I hate cutting my nails. Whether it’s my fingernails or toenails, nails are uncomfortable and mostly outrageous to deal with. I have nothing against people who do appreciate their nails, the people who style them and beautify them, but to me personally, that’s never been something within the male gender norm and as a result I haven’t felt too passionately about them. Again, that’s not to say those who do appreciate them are in the wrong though.
My nails are a product of my genetics, and they grow back quickly regardless of whatever I do on them. When I cut them, I do so knowing that within two weeks they’ll be fully grown again and back their talon-like size. It’s frustrating to have to deal with, but in the end, it’s just part of my life at this point. I like the act of clipping nails, the satisfying sound that the clipper makes as it sinks its metallic body through the nail, but it doesn’t make up for the annoying and obnoxious rest of the process. It’s just a satisfying part of it that helps to lessen the wound.

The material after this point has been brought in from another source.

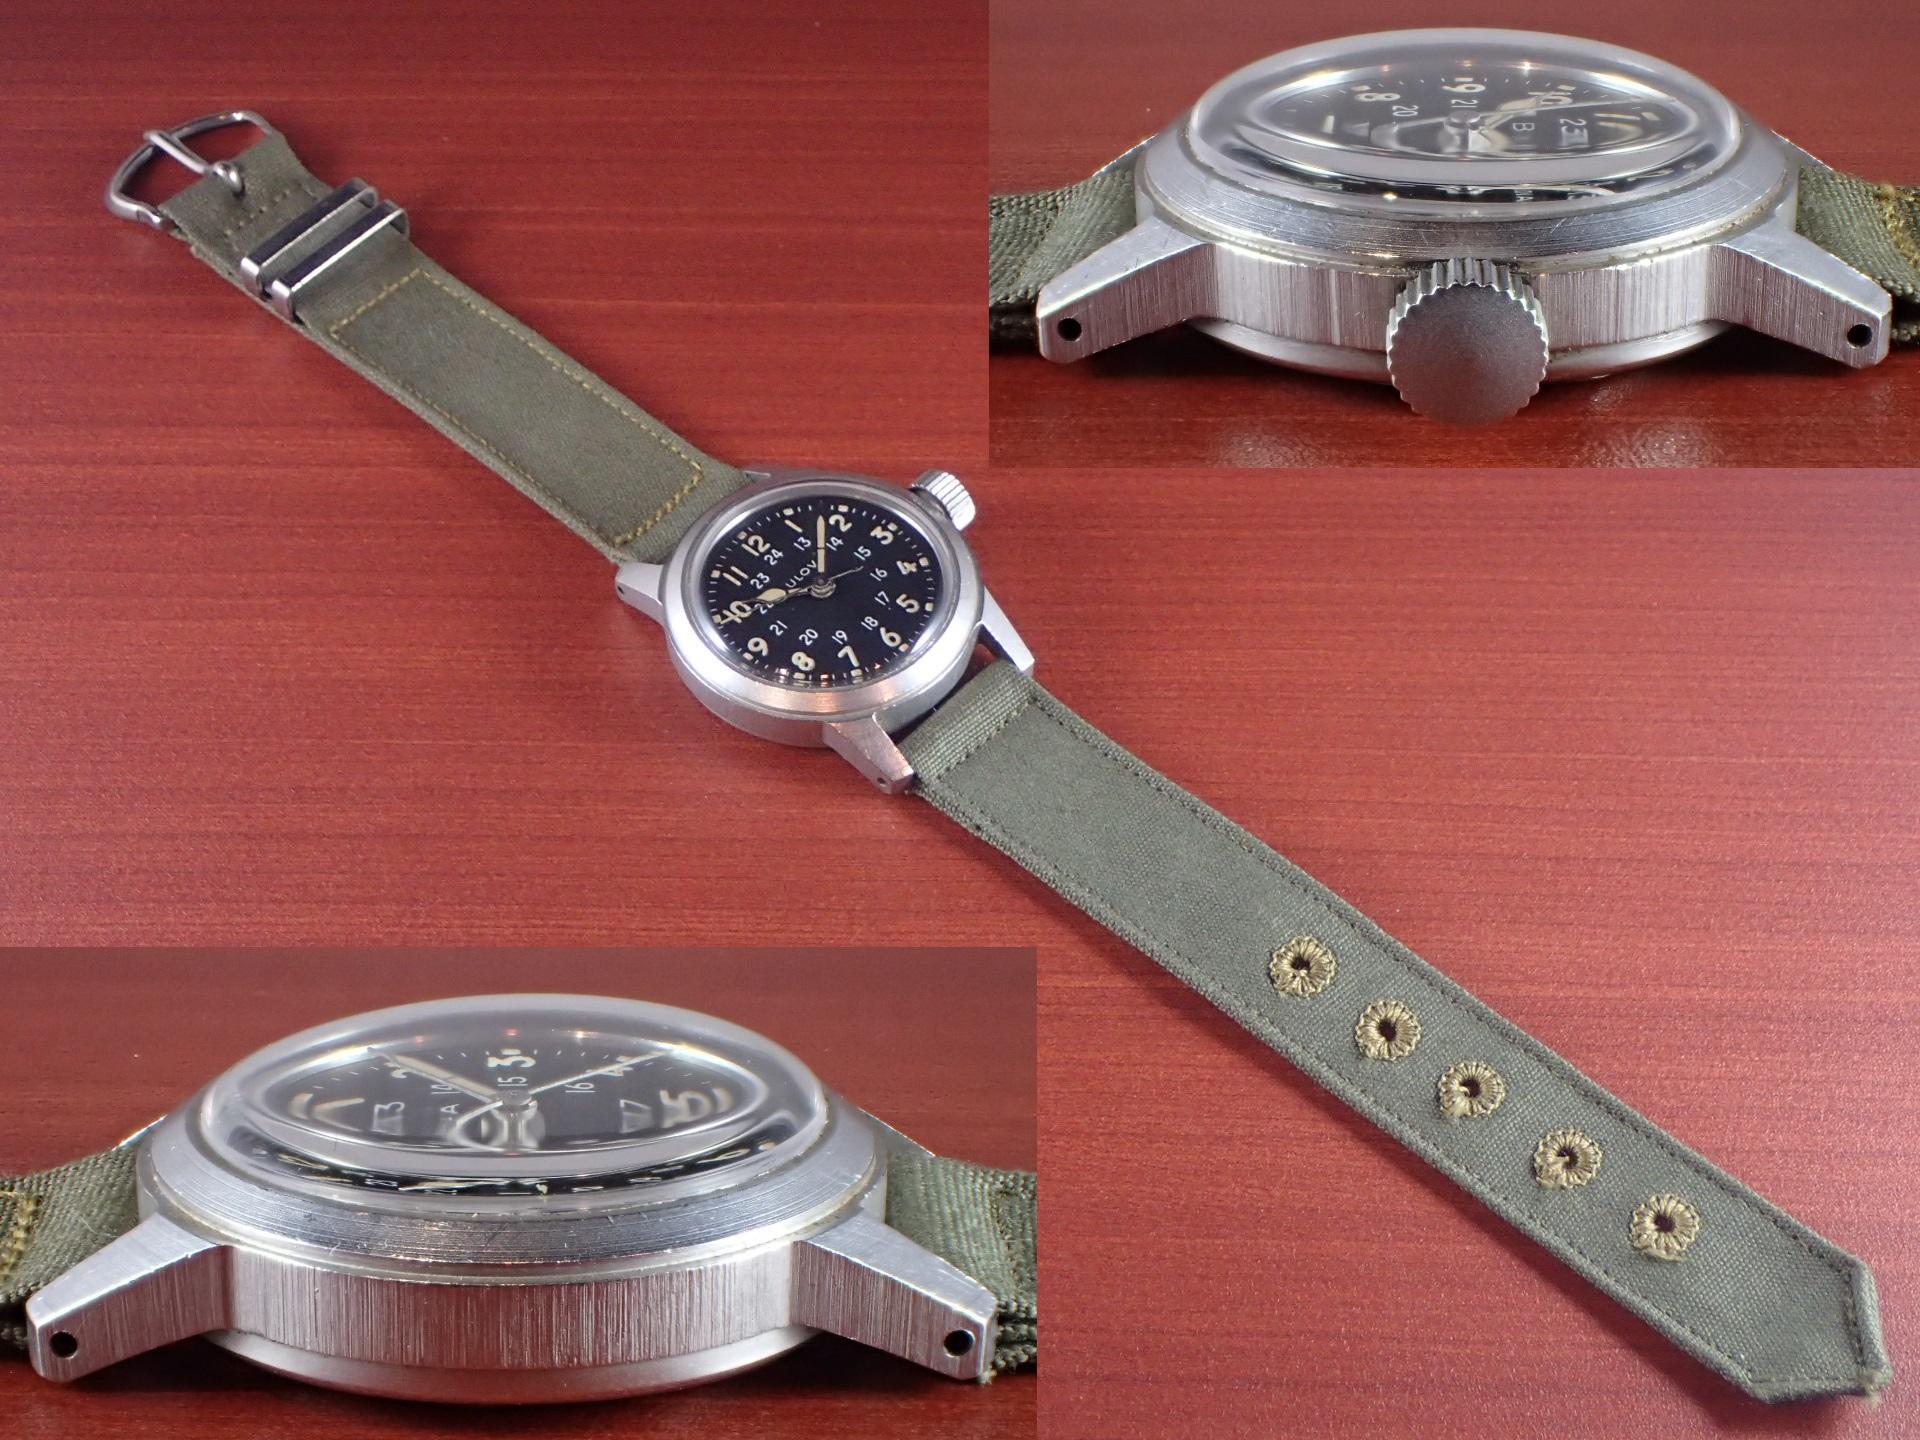 ブローバ 軍用時計 米軍 MIL-W-3818A 1960年代の写真3枚目

I don’t often talk about the small things, the tiny bits of life that slip under the surface and don’t go talked about often. I’d like to do this more often, but I worry that I will run out of space or I won’t have enough words to fit the 300 word quota. In cases like those, I just need to get meta and talk about blogging at the end, in order to fulfill the 300 words and do away with any doubt about it all. That’s the trick. So much has come up recently that I could be talking about instead, but I sometimes feel more comfortable spending time like this.